> The problem:
Transcribe the listing below in full, exactly, with no images.

> Data extract:
......

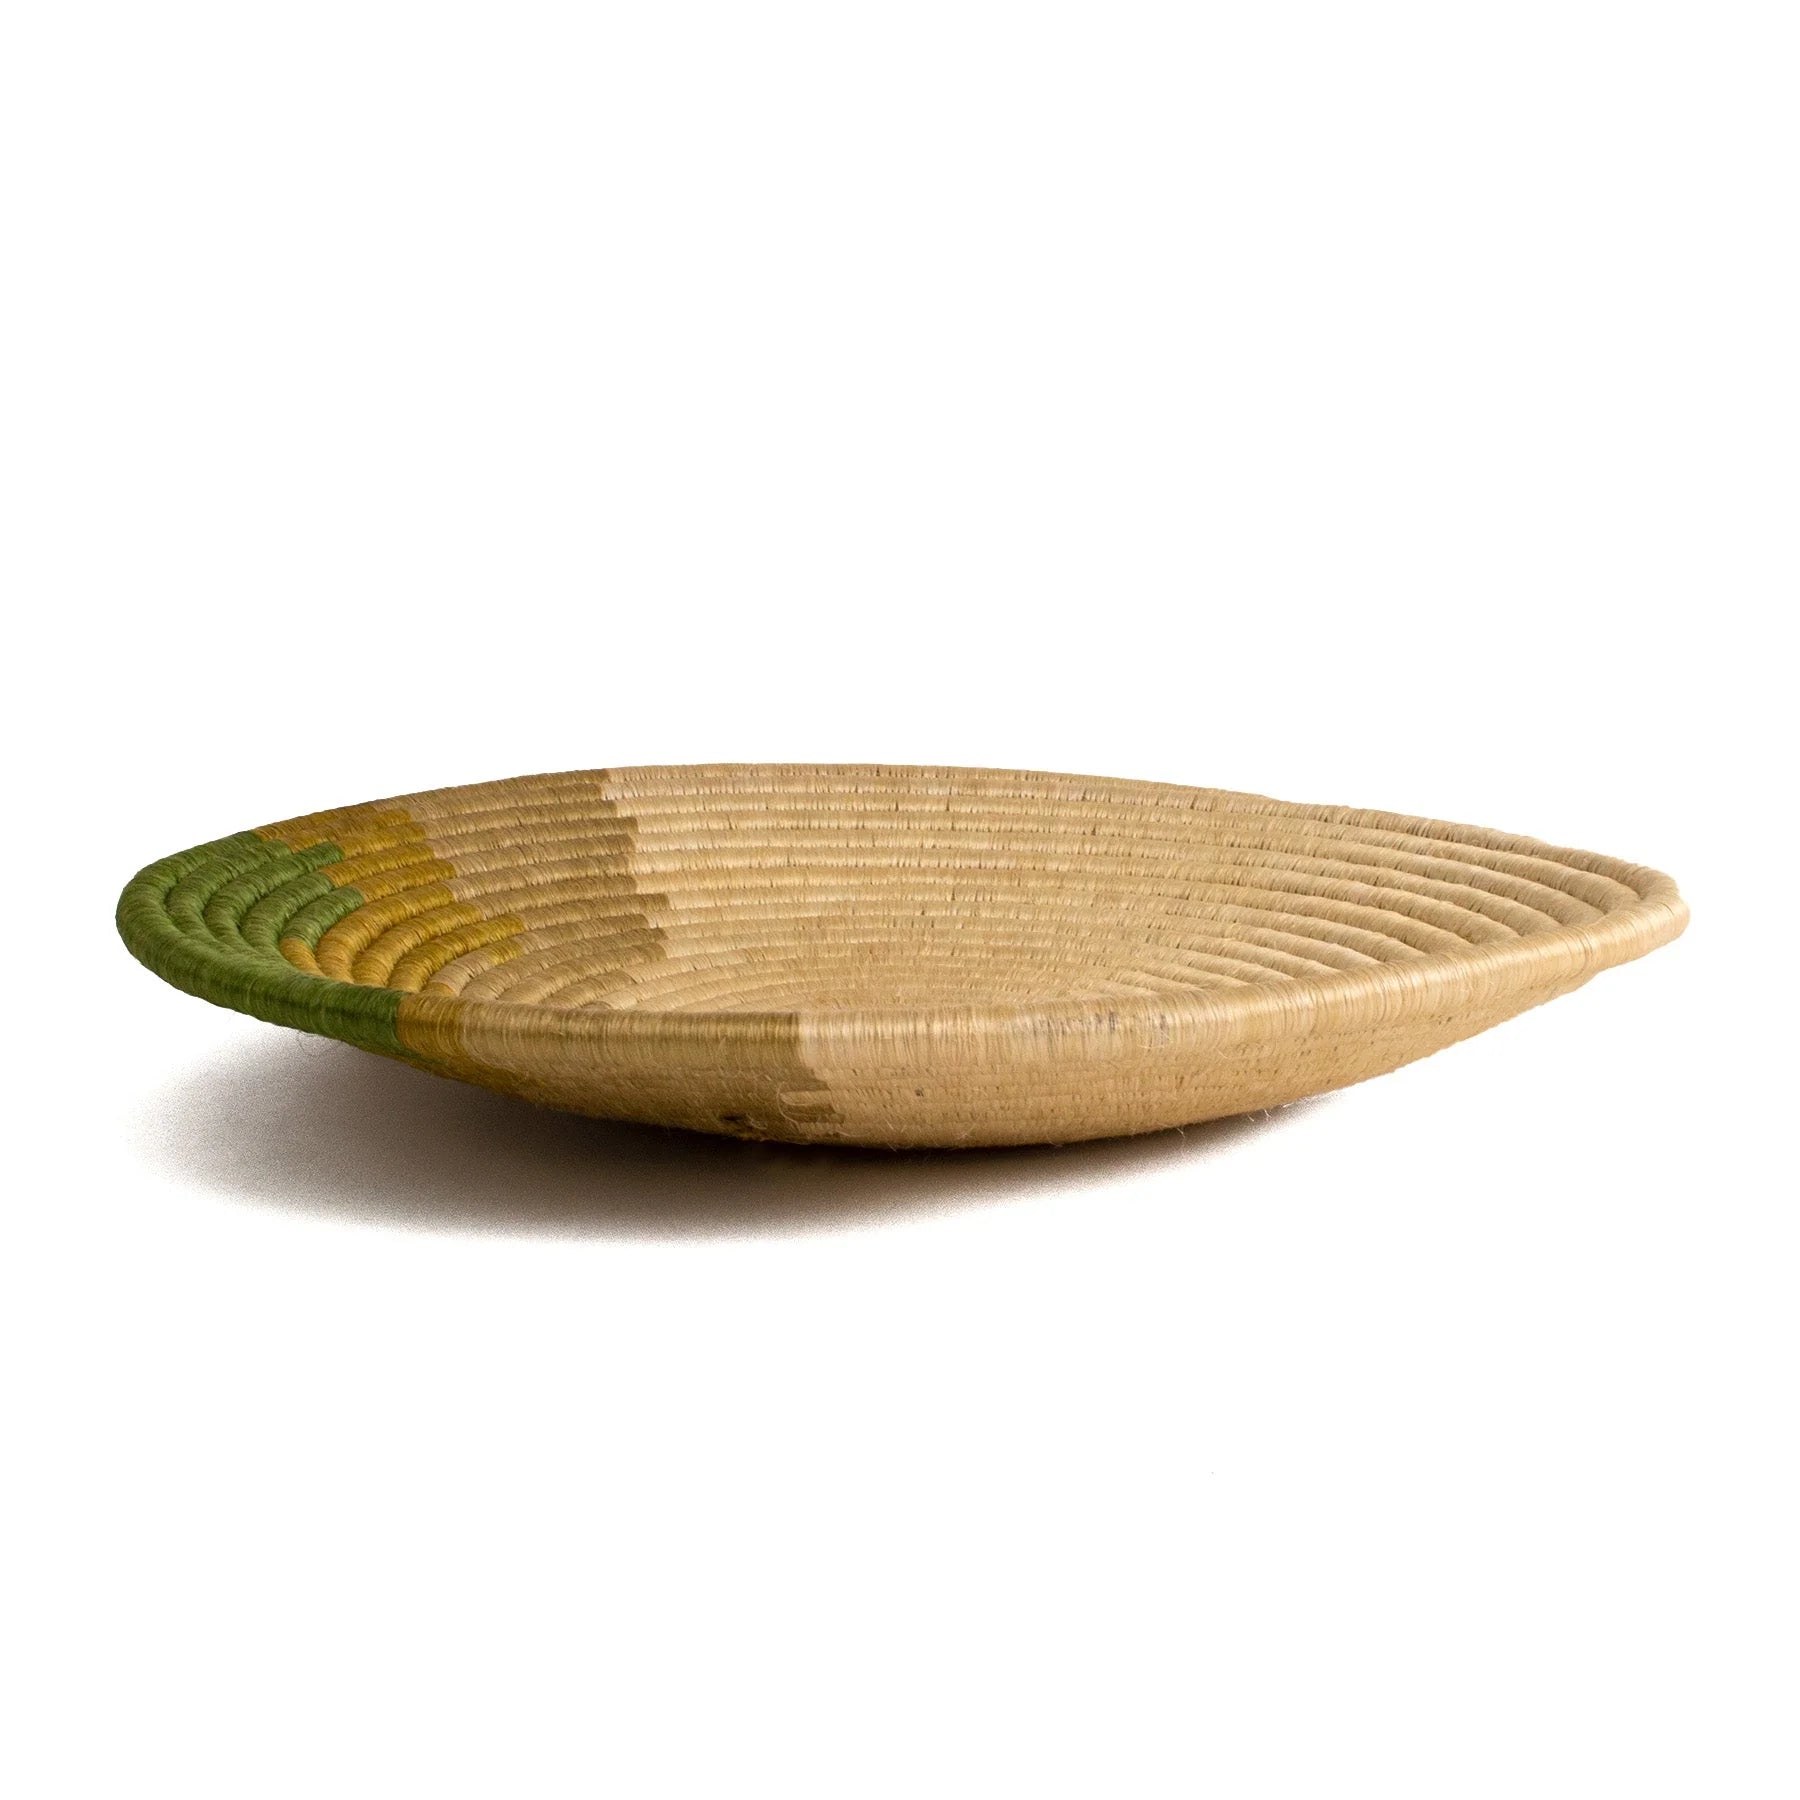 A Restorative Woven Bowl 21" Moss by Kazi Goods, a shallow, oval-shaped woven basket in natural tan color with subtle green accents radiating outward from the center is showcased against a plain white background. This piece reflects the tranquil aesthetic of a Scottsdale Arizona bungalow.
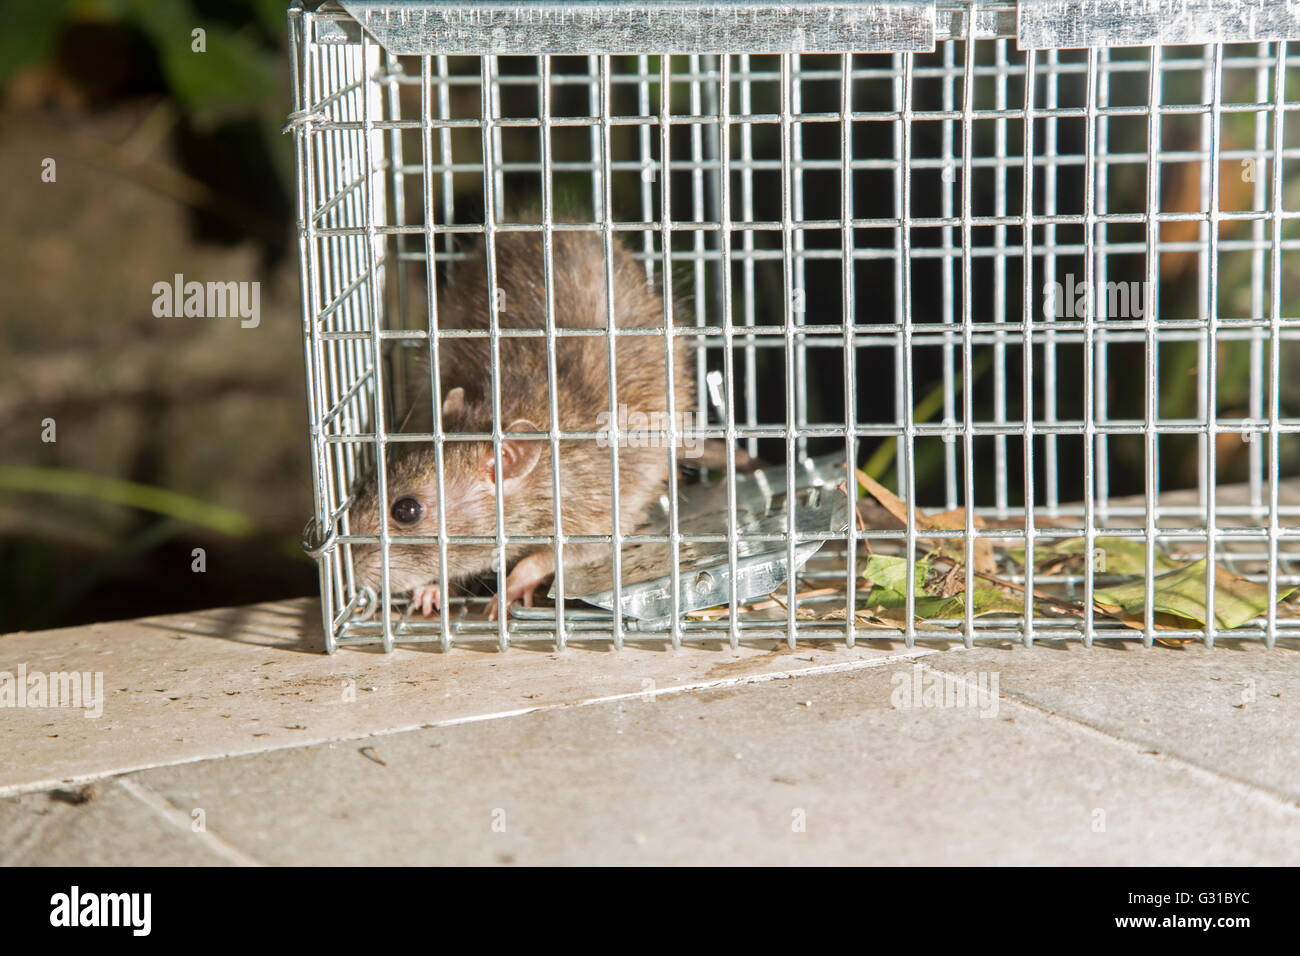 https://c8.alamy.com/comp/G31BYC/close-up-of-a-gray-rat-trapped-in-a-steel-cage-G31BYC.jpg
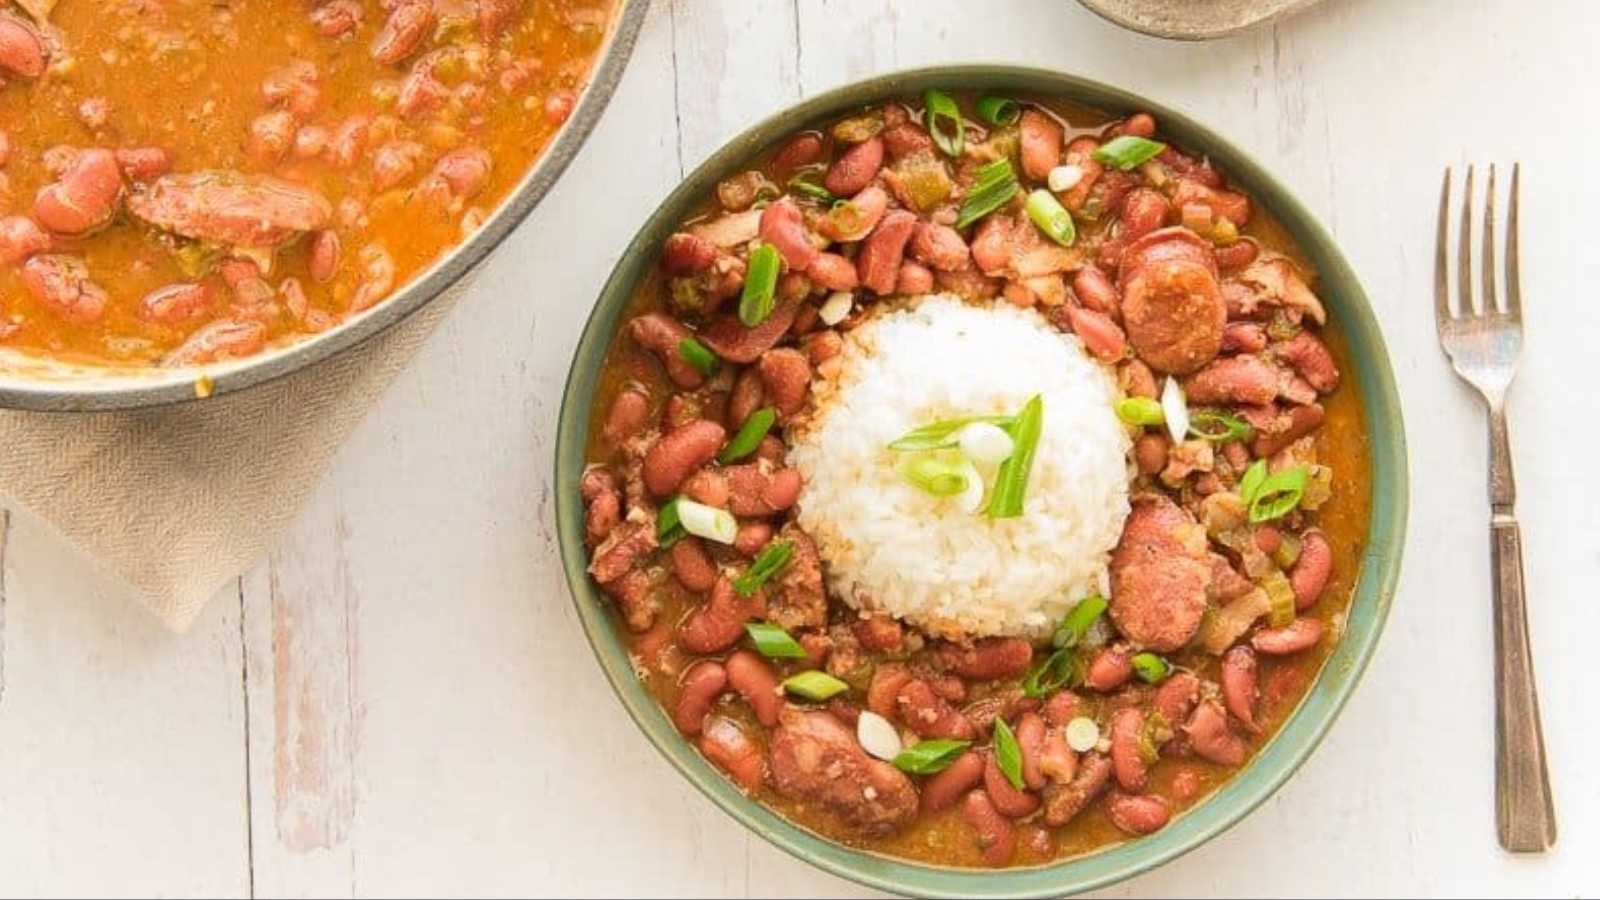 Red beans and smoked meats with rice toppings in a bowl.
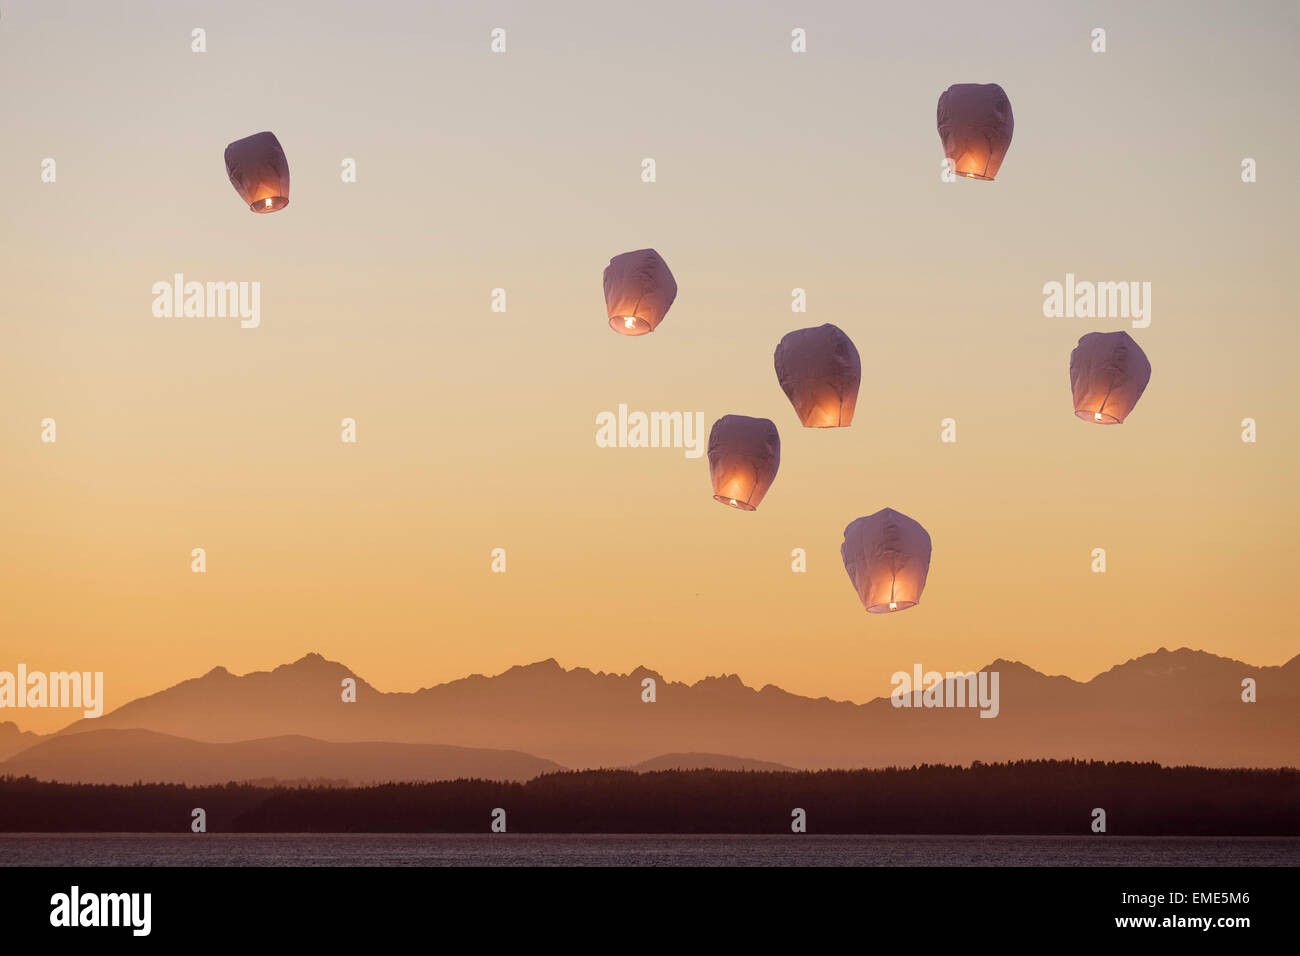 A group of flying lanterns being released into the nightsky Stock Photo

......

> Result for this exercise:
 A Restorative Woven Bowl 21" Moss by Kazi Goods, a shallow, oval-shaped woven basket in natural tan color with subtle green accents radiating outward from the center is showcased against a plain white background. This piece reflects the tranquil aesthetic of a Scottsdale Arizona bungalow.
 https://c8.alamy.com/comp/G31BYC/close-up-of-a-gray-rat-trapped-in-a-steel-cage-G31BYC.jpg
 Red beans and smoked meats with rice toppings in a bowl.
 A group of flying lanterns being released into the nightsky Stock Photo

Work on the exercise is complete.